■ Task brief:
All of the data is to be printed exactly, though the images must be left off.

■ Data shown:
[Start of section]

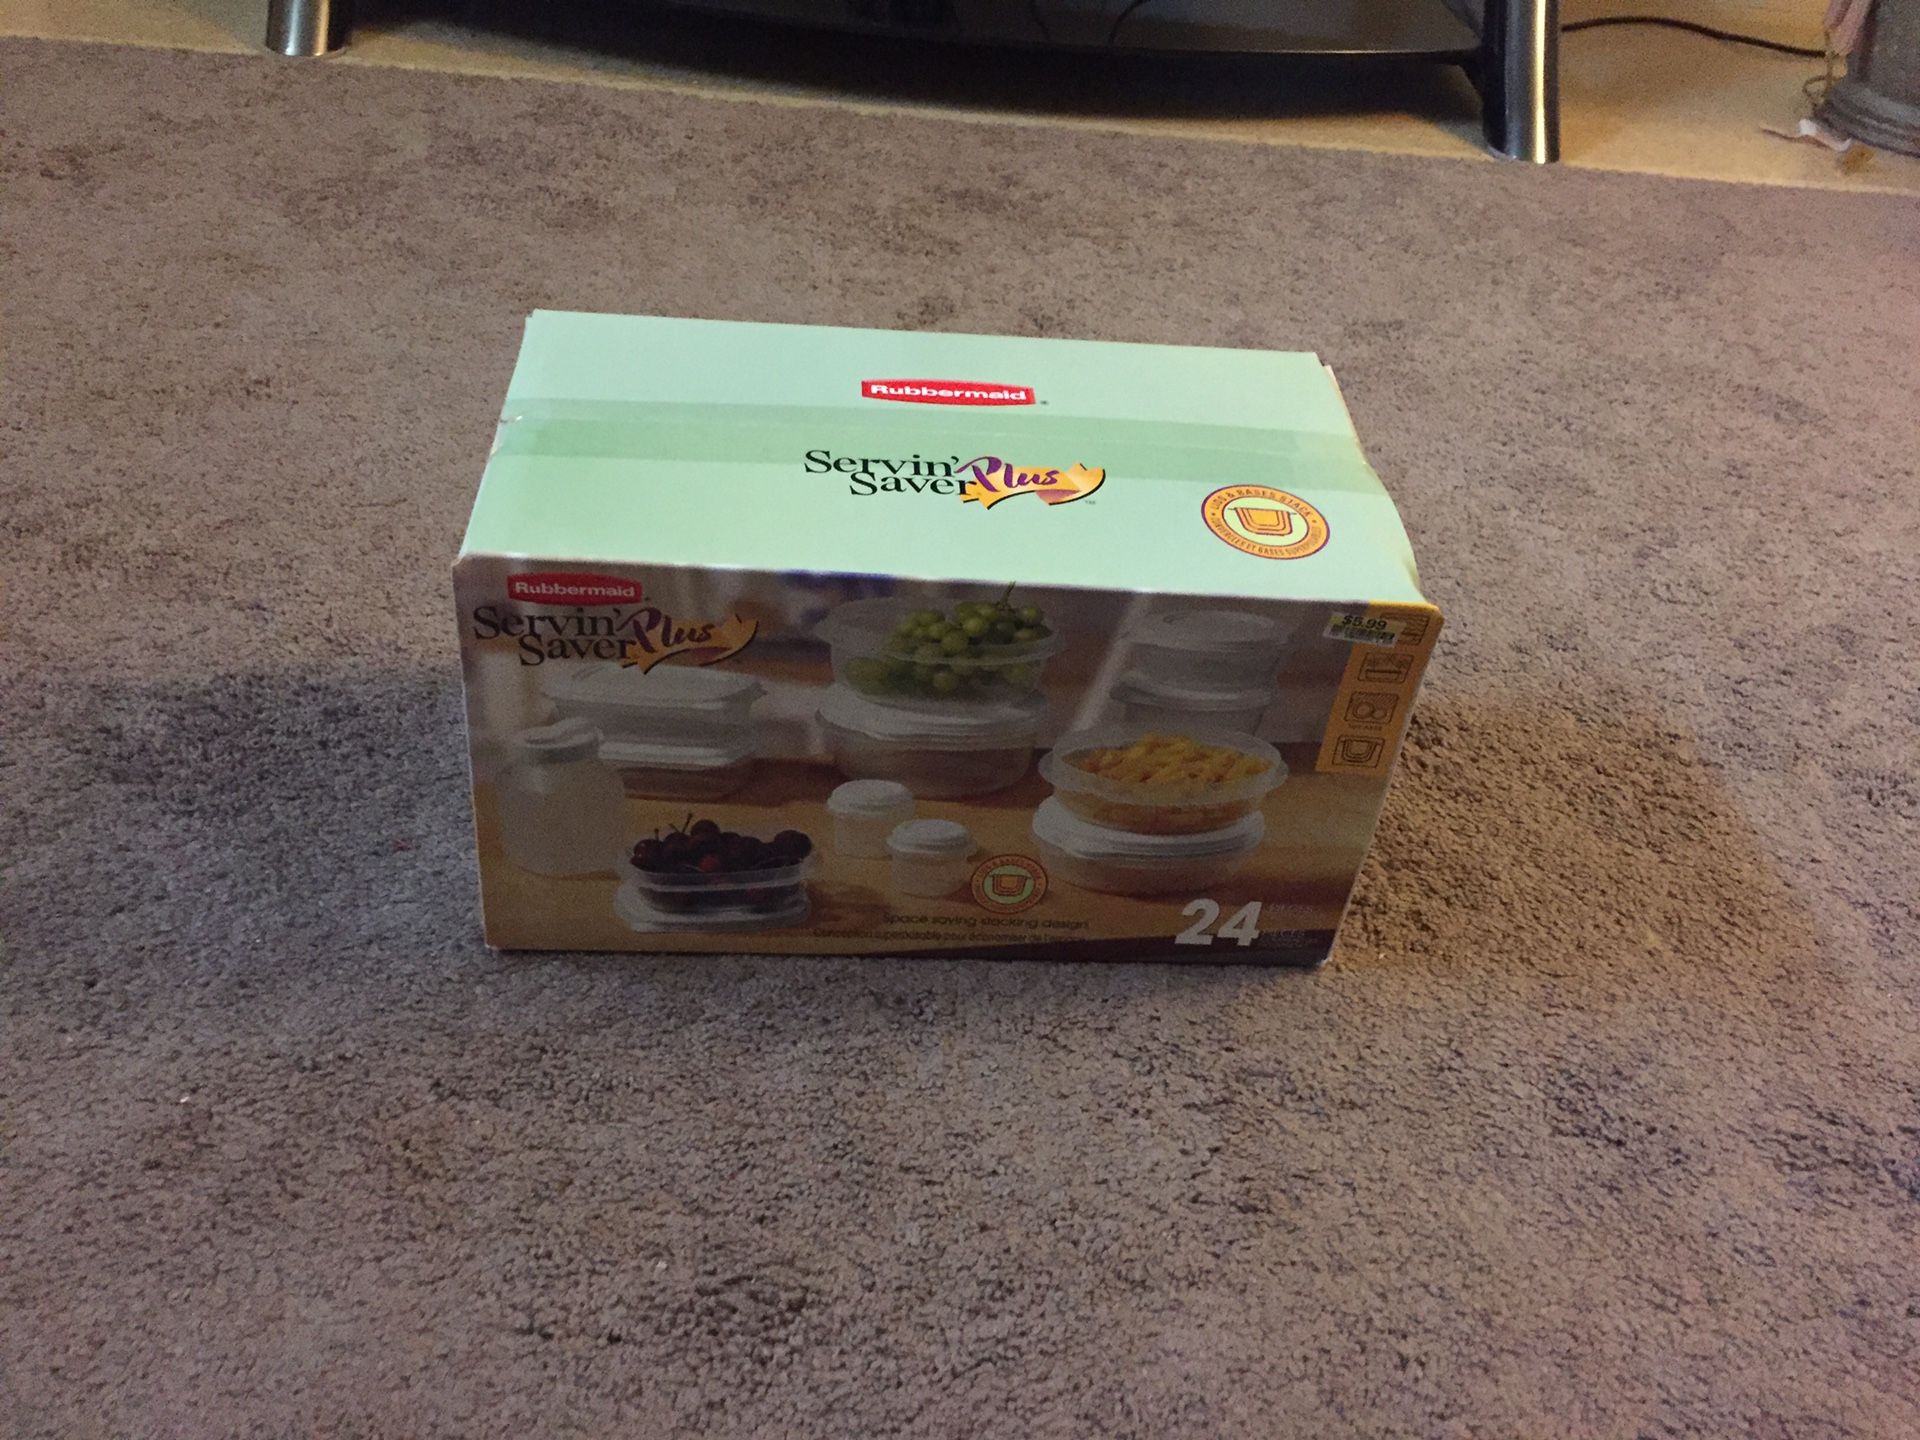 Brand new Rubbermaid 24 piece plastic storage containers and lids. Never used. Asking $2
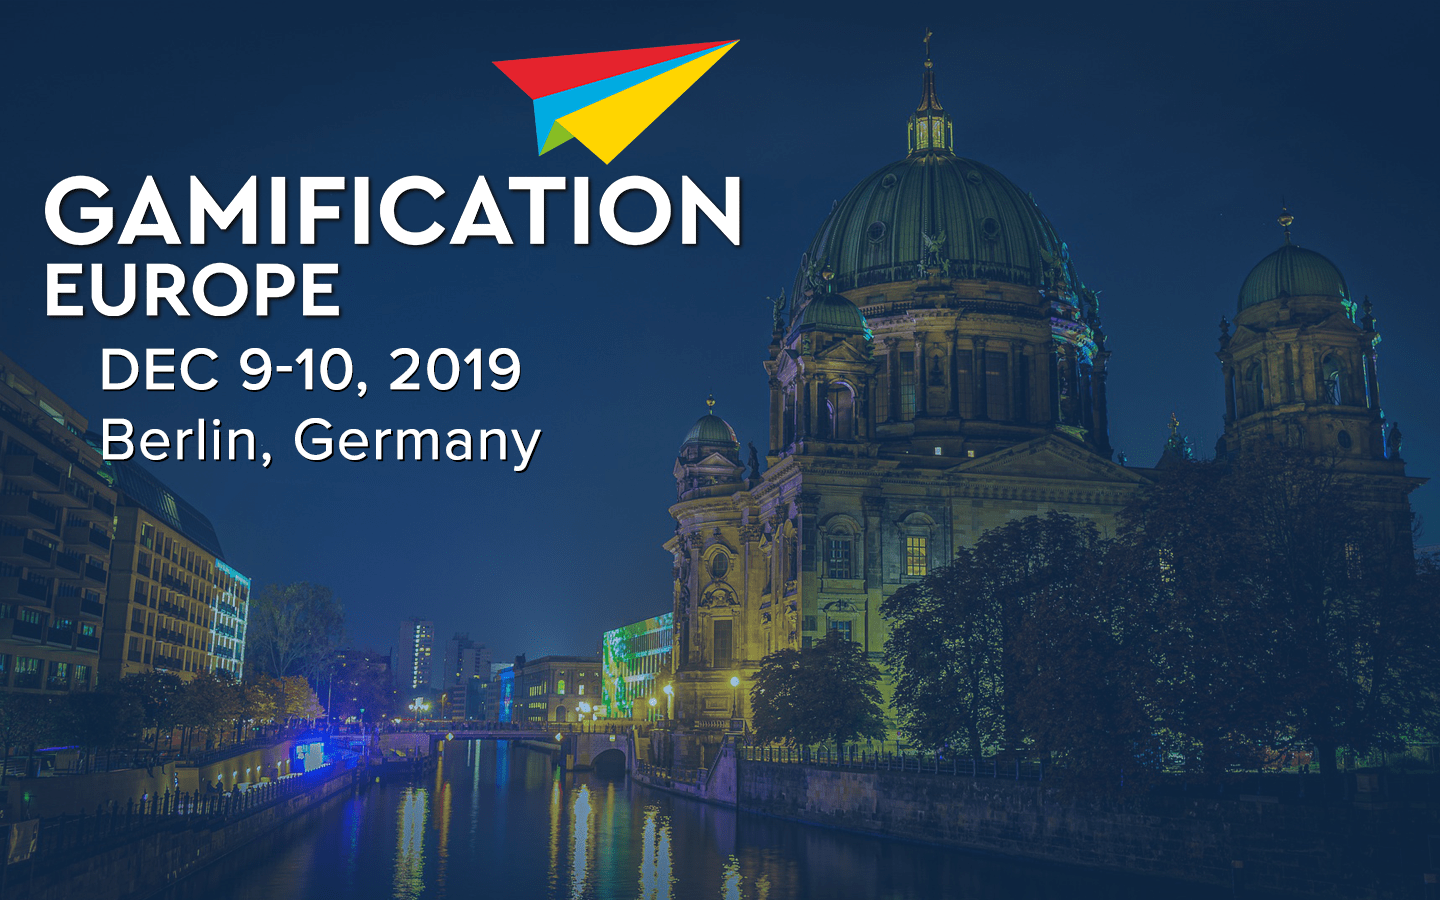 Reflections on Gamification Europe Conference 2019
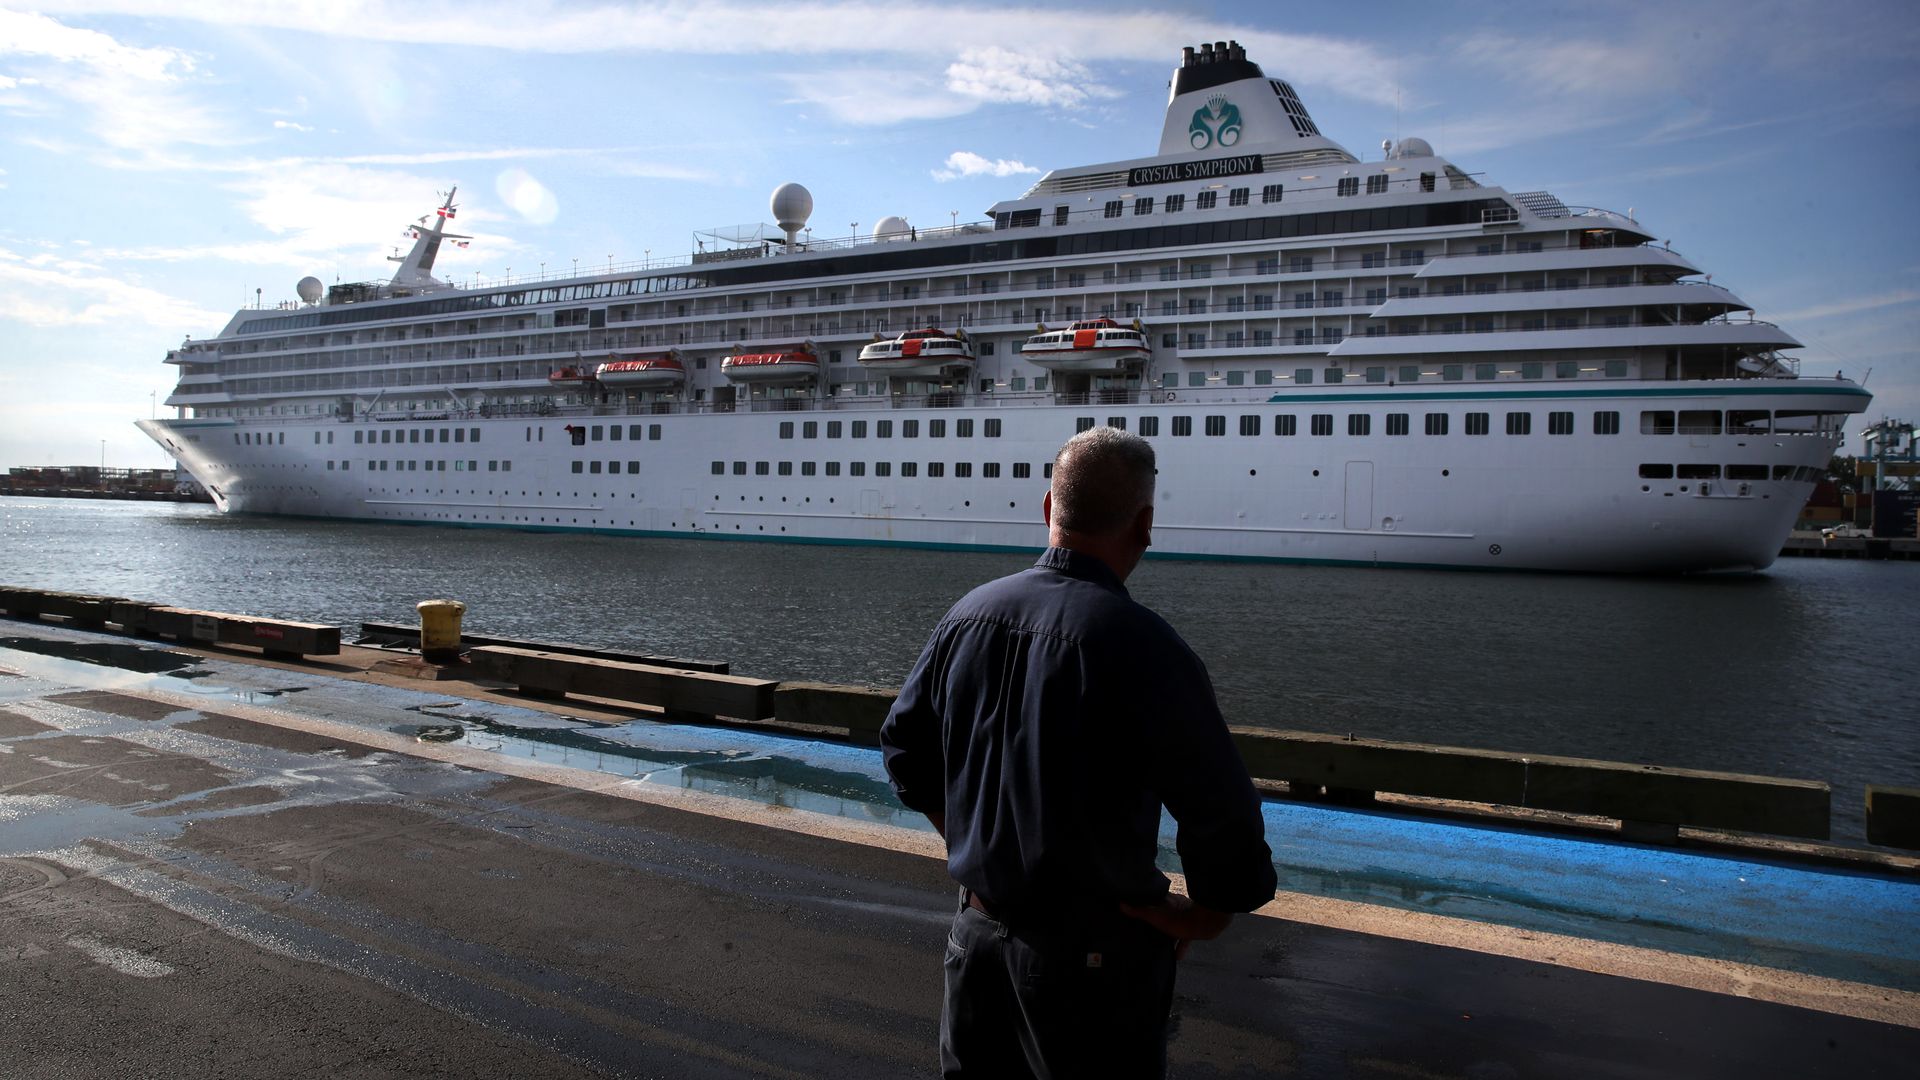 A man stands on a dock watching a cruise ship in the water
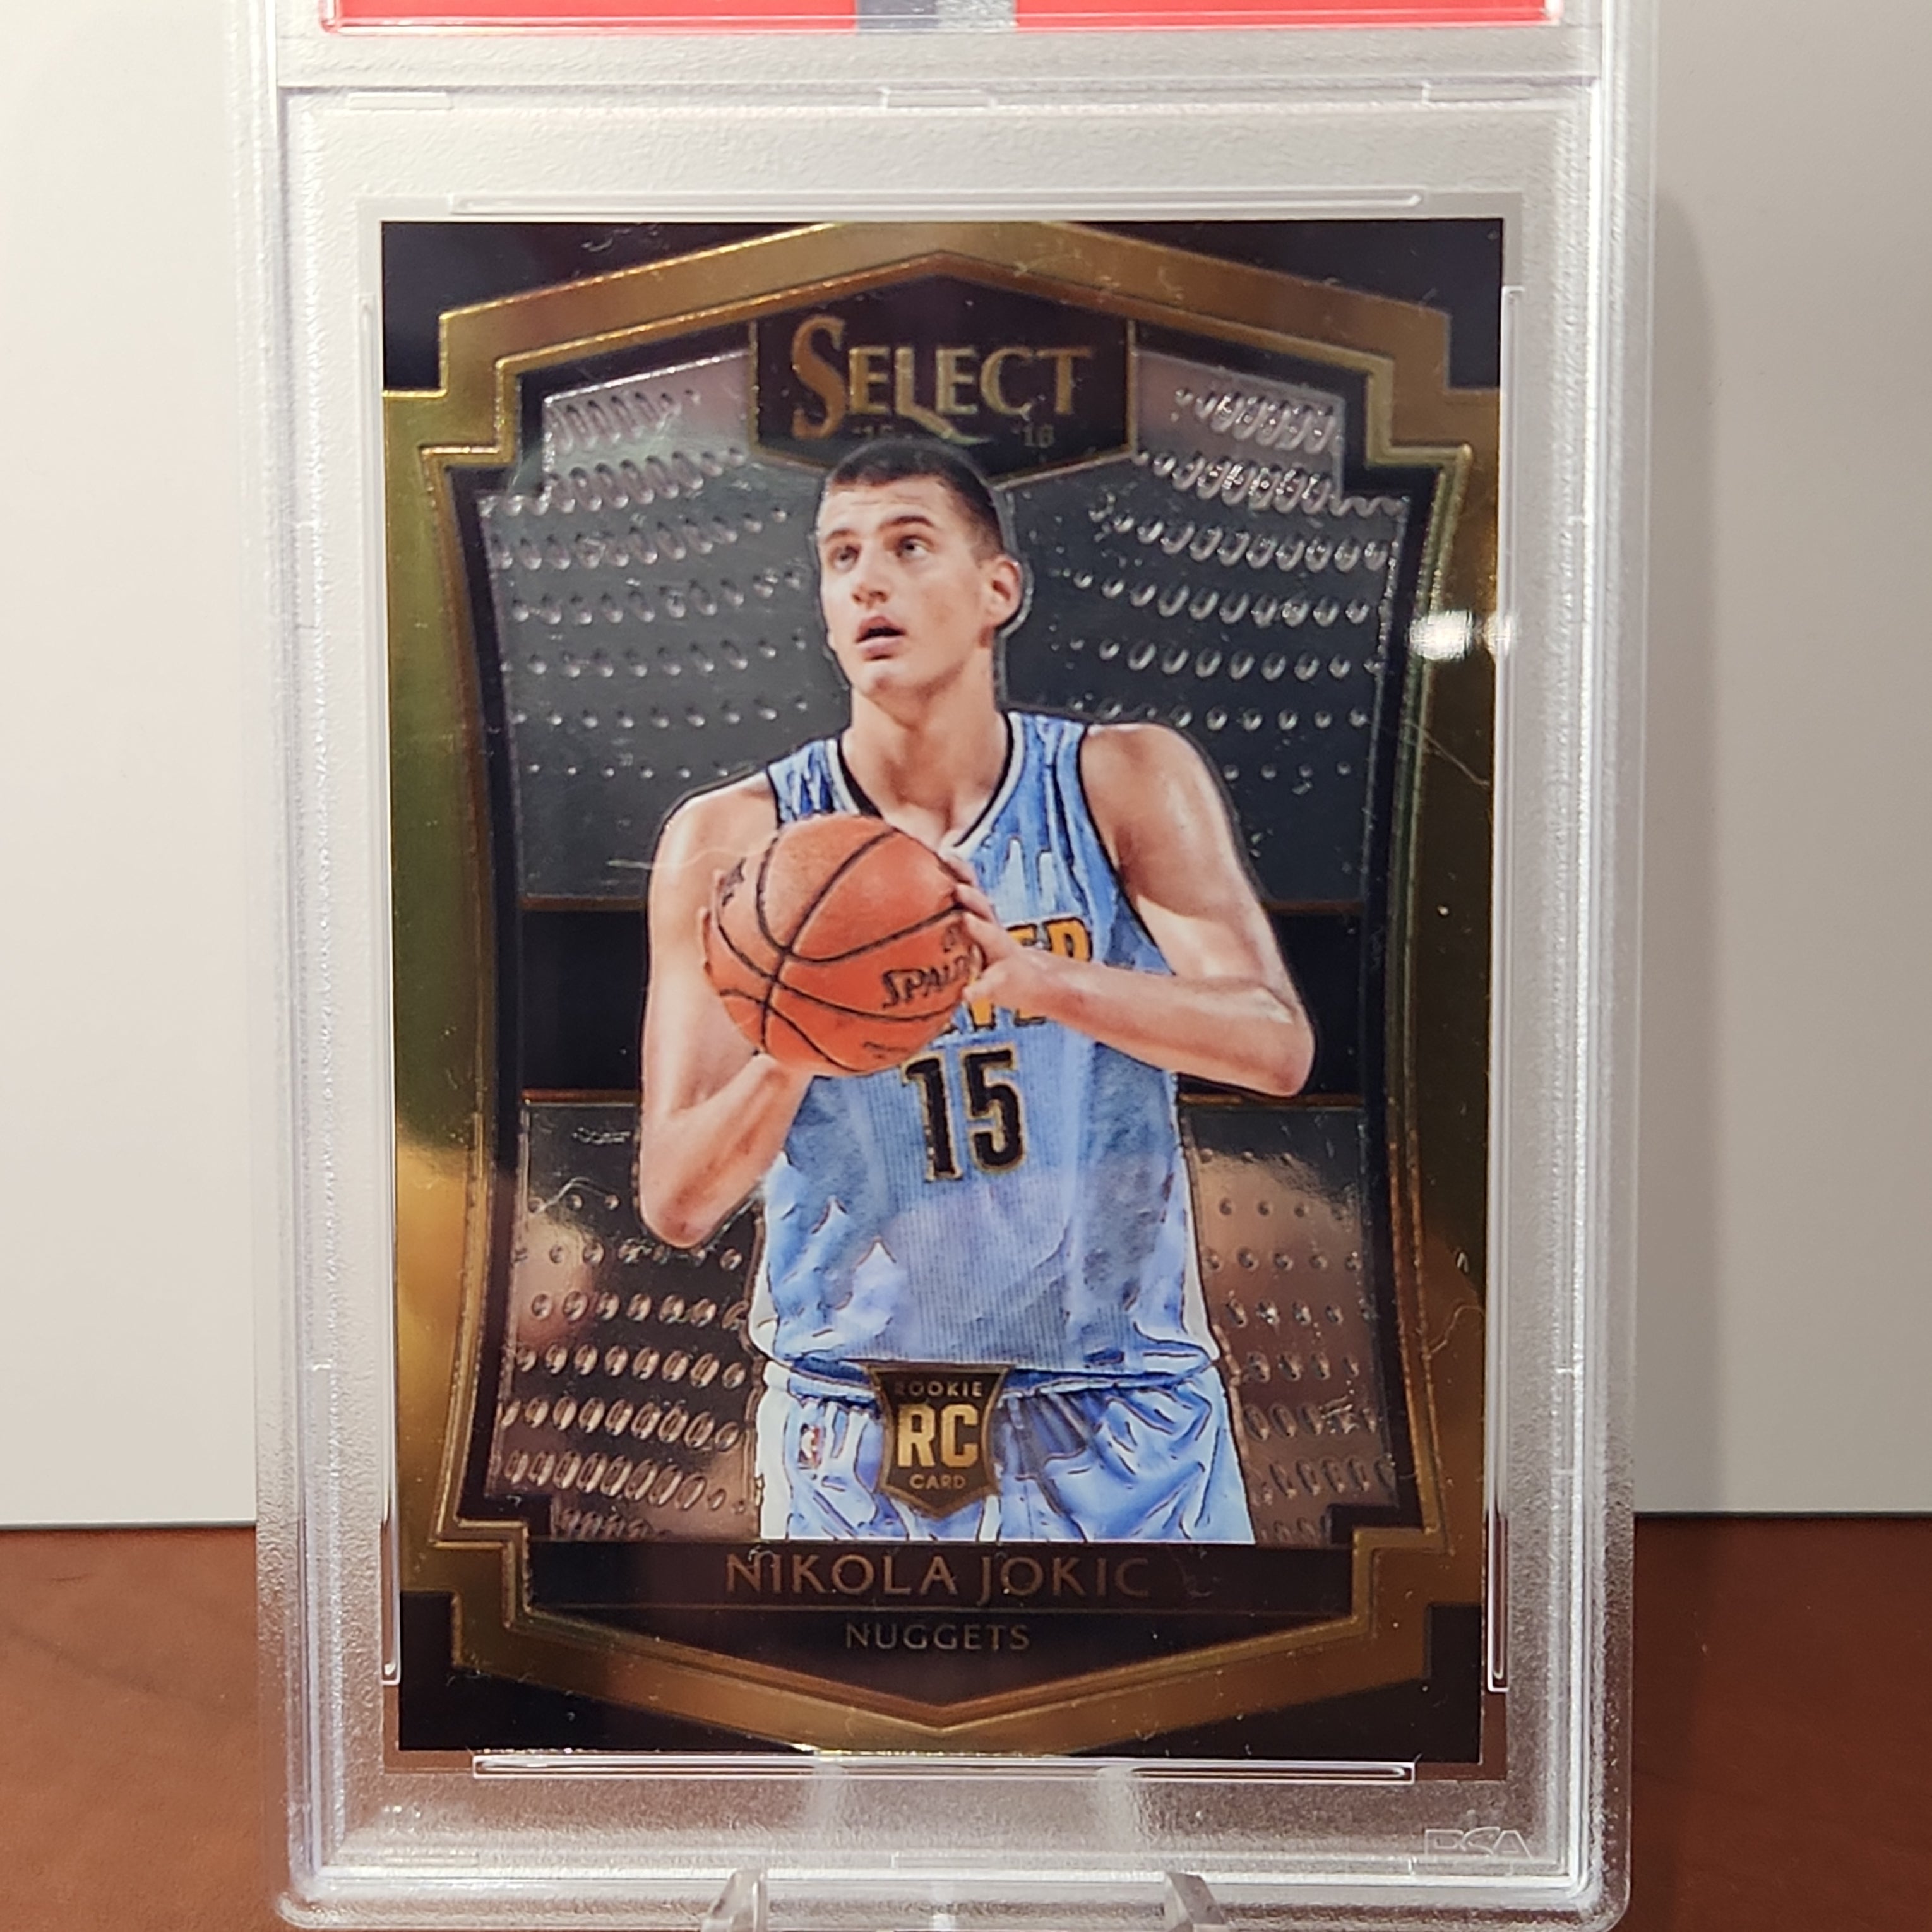 Nikola Jokic 2015/16 Select Rookie Card #128 **PSA MINT 9** - Premium  from 1of1 Collectables - Just $395! Shop now at 1of1 Collectables

[End of section]

■ Answer to this exercise:
 Brand new Rubbermaid 24 piece plastic storage containers and lids. Never used. Asking $2
 Reflections on Gamification Europe Conference 2019
 A man stands on a dock watching a cruise ship in the water
 Nikola Jokic 2015/16 Select Rookie Card #128 **PSA MINT 9** - Premium  from 1of1 Collectables - Just $395! Shop now at 1of1 Collectables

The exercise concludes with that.